Fall 2024 Research Activities

For the fall semester of 2024, I will be working on continuing on the following two projects from the summer:

  • Automated Database Generation. This team will complete the population and testing of the “Consulting Firm Relational Database” developed last spring/summer and work on generalizing the specification and generation of relational databases for academic purposes using business process modeling and/or unified modeling language methodologies and discrete event simulation techniques. This team is currently meeting with me this semester on Wednesdays at 4:00PM.
  • Data pipeline development. I am working on developing a large-scale data pipeline project for use in future ISE-558 classes and potential publication. This involves defining and populating realistic data sources (relational DBMS, semi-structured, and file-based), defining a large data warehouse (multiple dimensional data marts with conformed dimensions), and developing an ETL data pipeline to populate the data warehouse using a data orchestration tool. A requirement is having previously taken ISE-558 and having good Python and SQL skills. This team is currently meeting with me this semester on Wednesdays at 2:30PM.
  • Cloud Analytics Platforms. In my Spring 2024 ISE-543 class we spent about half of the semester learning about the Google Cloud Vertex AI platform.
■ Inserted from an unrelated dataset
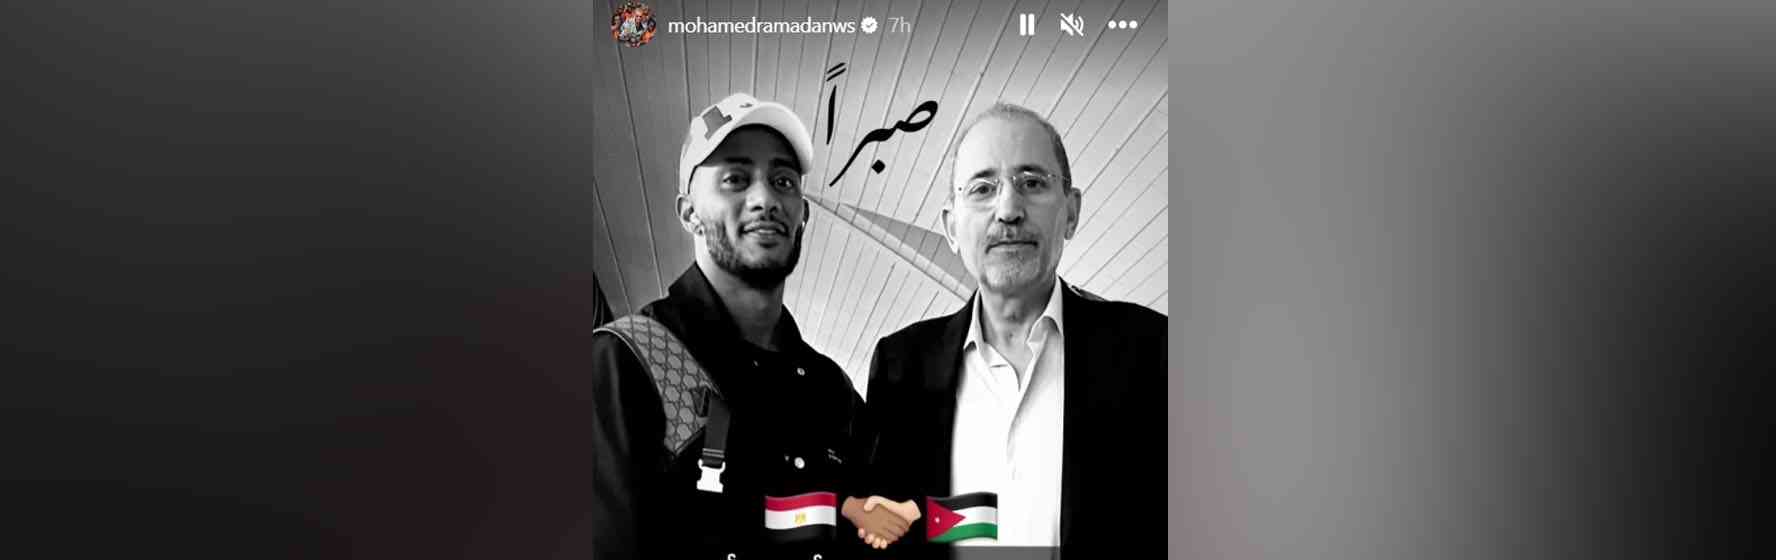 محمد رمضان مع أيمن الصفدي.. ورسالة للأردن (صورة)

I would like to expand and extend this work to include some of the more advanced features of the platform including its feature store, model registry, lineage features, and advanced MLOps functions related to the deployment, monitoring, and maintenance of models placed into production. I would also like to investigate the AWS Sagemaker and DataBricks platforms to learn their approaches for implementing the functionality in Vertex AI. The ultimate goal would be a paper or chapter of a text book on cloud analytics platforms comparing the different major platforms in use today. Having previously taken my ISE-543 class is very helpful. This team is currently meeting with me this semester on Wednesdays at 5:00PM.
  • Time Series Clustering. A small team of students is working on expanding the work from my PhD thesis described here. The first step in the work is to re-build the evaluation environment in Python (from the original Matlab code). Strong Python skills are needed.
  • Analytic Dataset Generation. Continuing work done on automating the generation of analytic datasets with specified statistical properties, generating multiple unique datasets for individual students, and automating the grading of student solutions. More background can be found in our paper published in 2023. Strong programming skills in Python or Java Script are required.